Лука хитрит, Лука уводит мысли Харлаши в сторону, Лука резвится и шутит, а Харлаша не слушает его.
— Я ему много тайн сберег… Как низовка рыбу гонит… Как хамса задкует… Да какие это тайны? Что я знаю? Степь для хлеба, горы для орлов… А как жил и живу, передать не успел… Думал, и не надо… Сам видит…
— Черта с два видит! — кипятится Лука. — Ничего они не видят! Это называется у них — завертелся. А приедет хоронить: «Прости меня, батя». Не прощай!
Его хмельное буйство вызывает у Харлаши усмешку. В мелких складочках совсем тонут печальные глаза старика.
— Видать, поезда все не в ту сторону идут.
— Сел бы да поехал сам!
— А вдруг там и правда баба злая?
— Гордый ты очень!
— Пусть…
— Общественности скажи! — орет Лука. — Нехай ему будет стыдно!
— Я виноват, мне и стыдно.
— Нынче дети такие, что без общественности с ними не сладишь. Общественность — сила!
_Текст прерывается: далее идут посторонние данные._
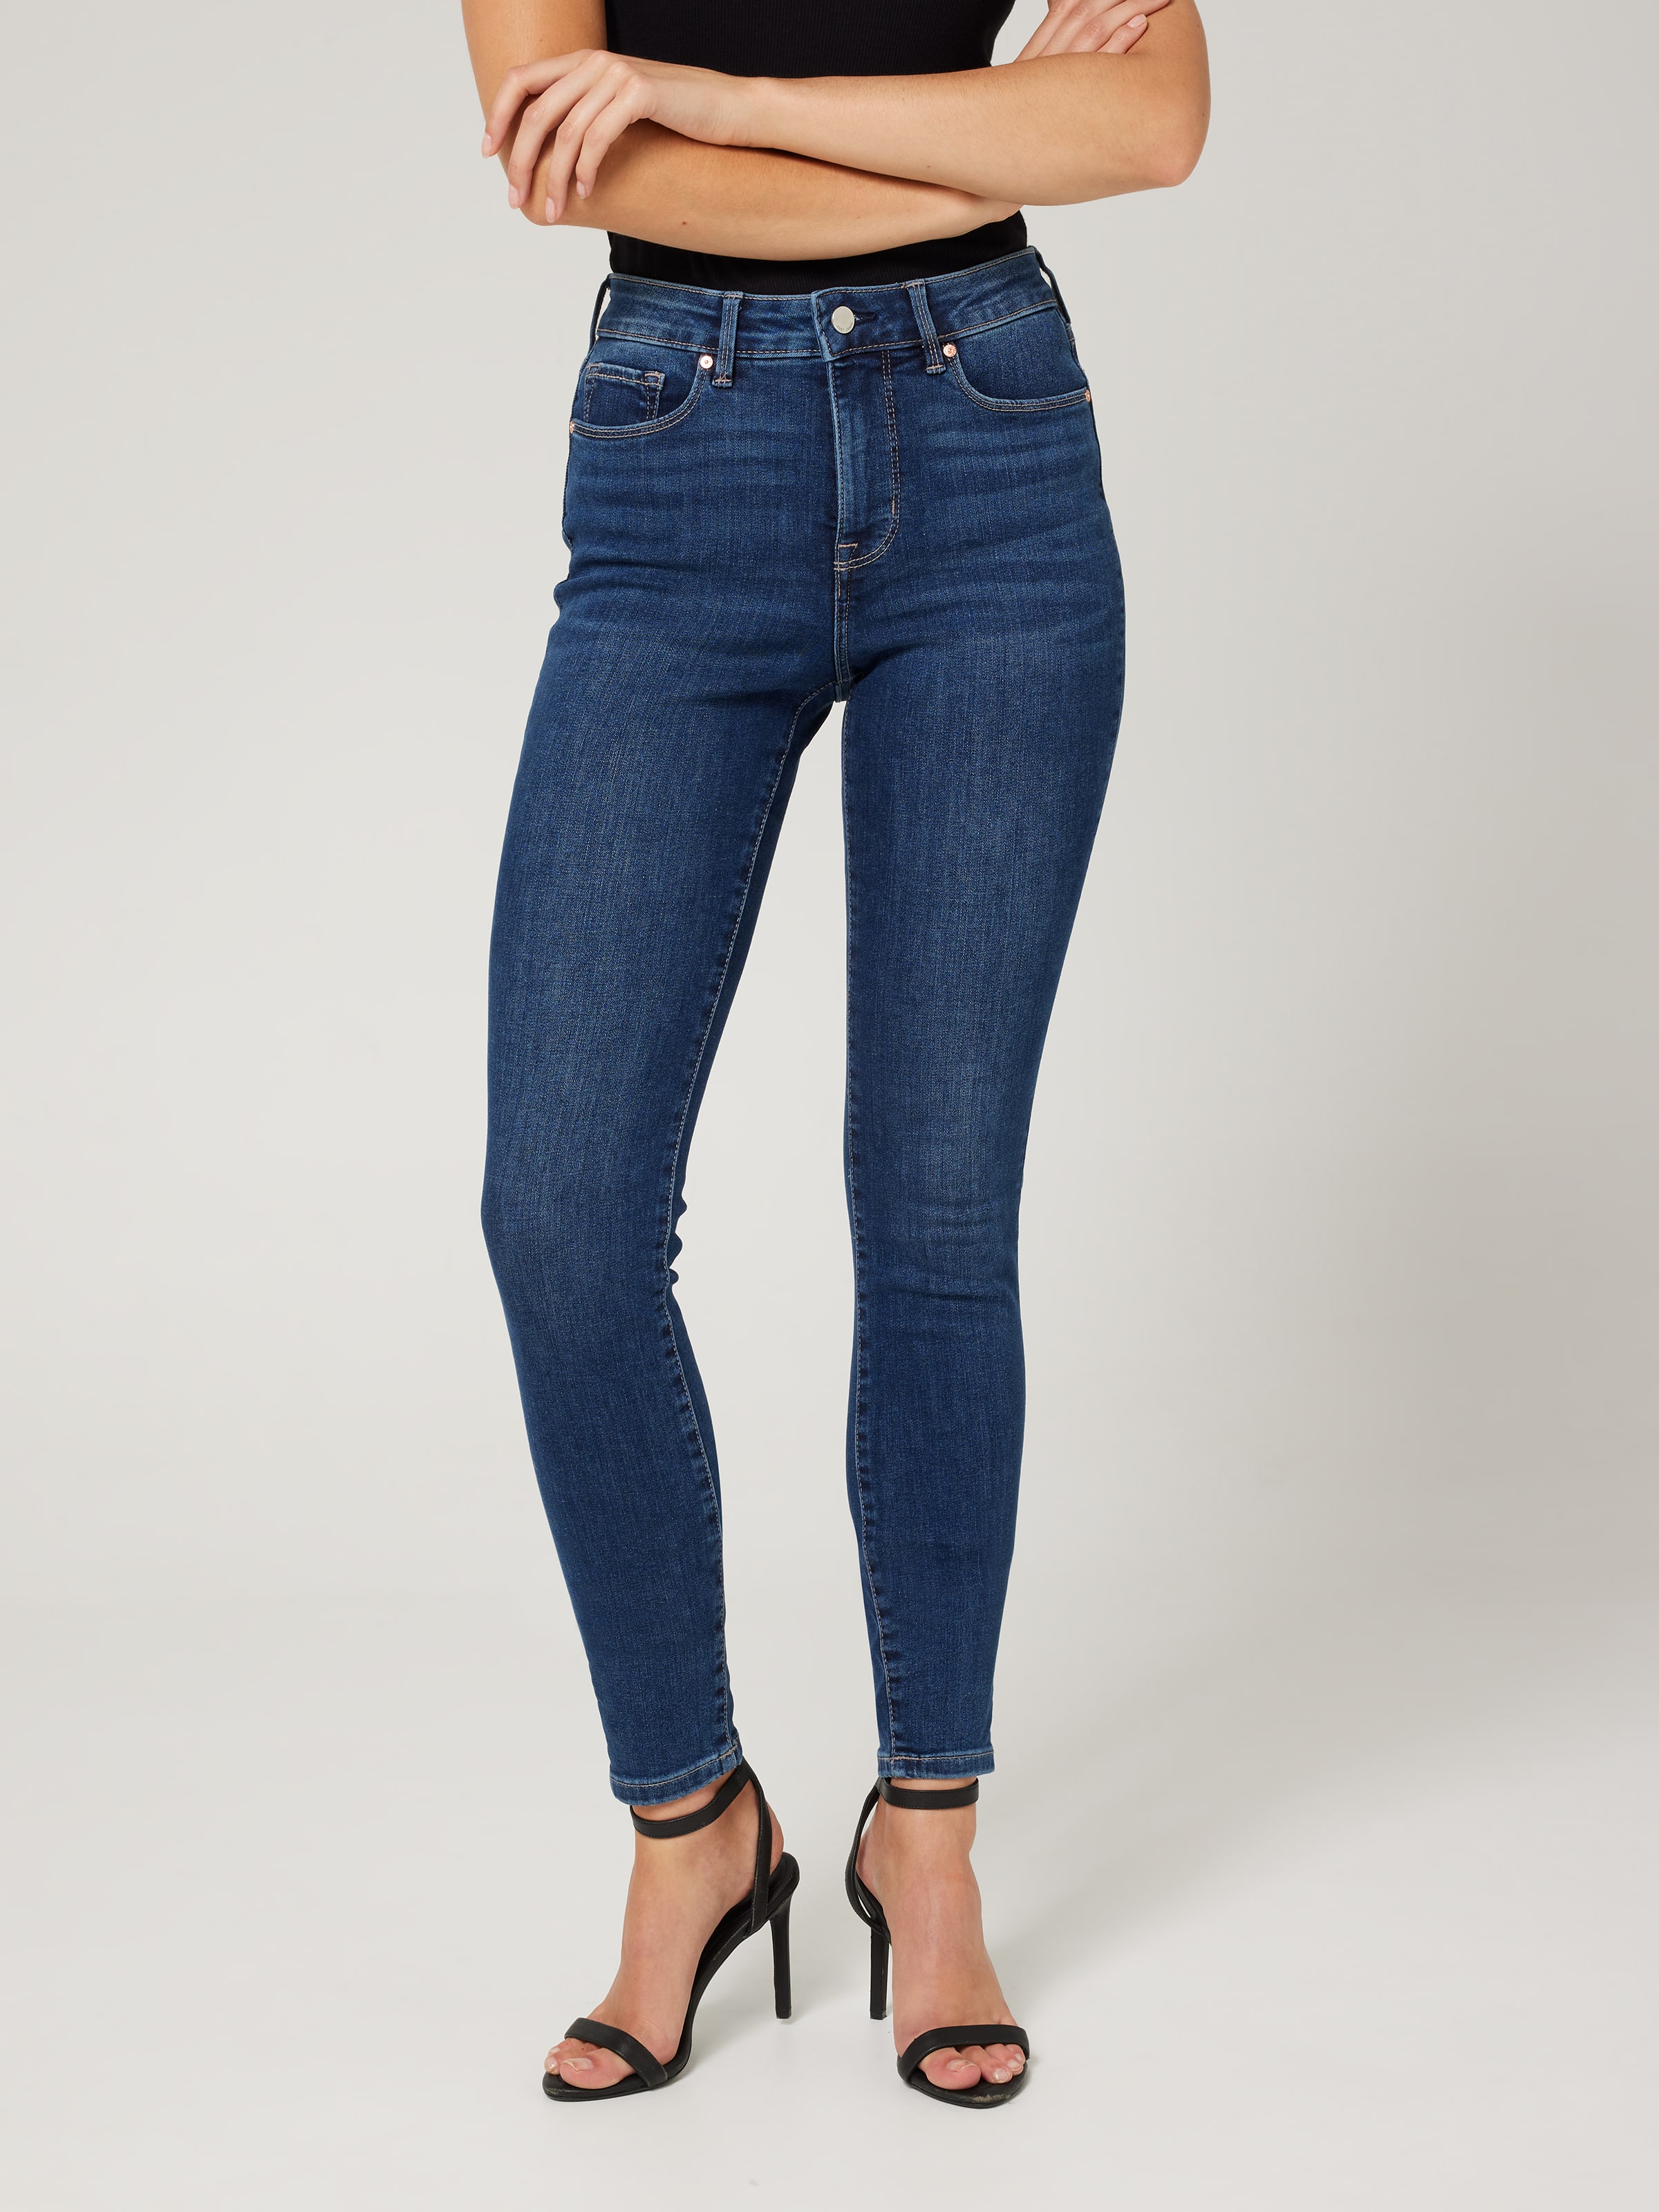 Reformed High Rise Skinny Jean In Tall Length - Just Jeans Online

Лука опять припадает к стакану и сбивается с мысли, веселеет, смеется, рассказывает:
— Это я по себе знаю. Уж я-то от нее натерпелся, черт ее дери!.. В тридцать втором кого хотели сделать председателем «Сельди»? Луку. Приехал главный всей кооперации Коробченко.
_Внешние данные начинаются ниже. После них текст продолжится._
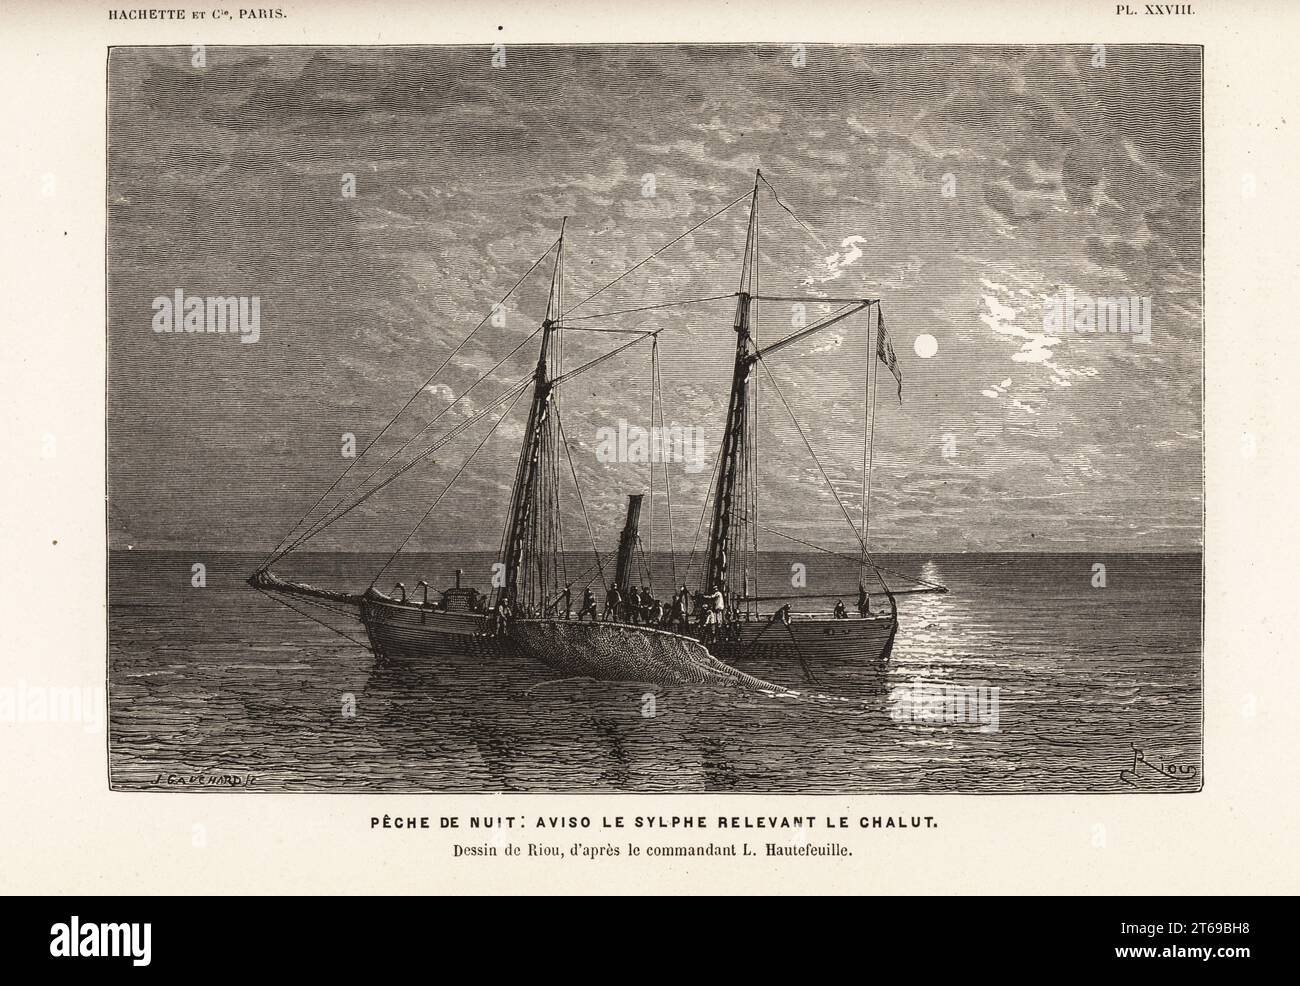 Night fishing. A steam-powered fishing boat Le Sylphe raising the trawl net by moonlight. Peche de nuit: Aviso le Sylphe relevant le chalut. Drawn by Edouard Riou after a photograph by L. Hautefeuille. Woodcut by J. Gavehard from Alfred Fredols Le Monde de la Mer, the World of the Sea, edited by Olivier Fredol, Librairie Hachette et. Cie., Paris, 1881. Alfred Fredol was the pseudonym of French zoologist and botanist Alfred Moquin-Tandon, 1804-1863. Stock Photo

— Бородченко, — поправляет Харлаша.
— А хрен с ним! — заливается Лука. — Не об нем речь. Обо мне. Так и так, говорит, Лука Авраменко такой-сякой, делу предан и морально устойчив… А общественность ему что? «Морально, — отвечает, — устойчив, а на ногах стоит слабовато…»
— Живот с тобой надорвешь, Лука!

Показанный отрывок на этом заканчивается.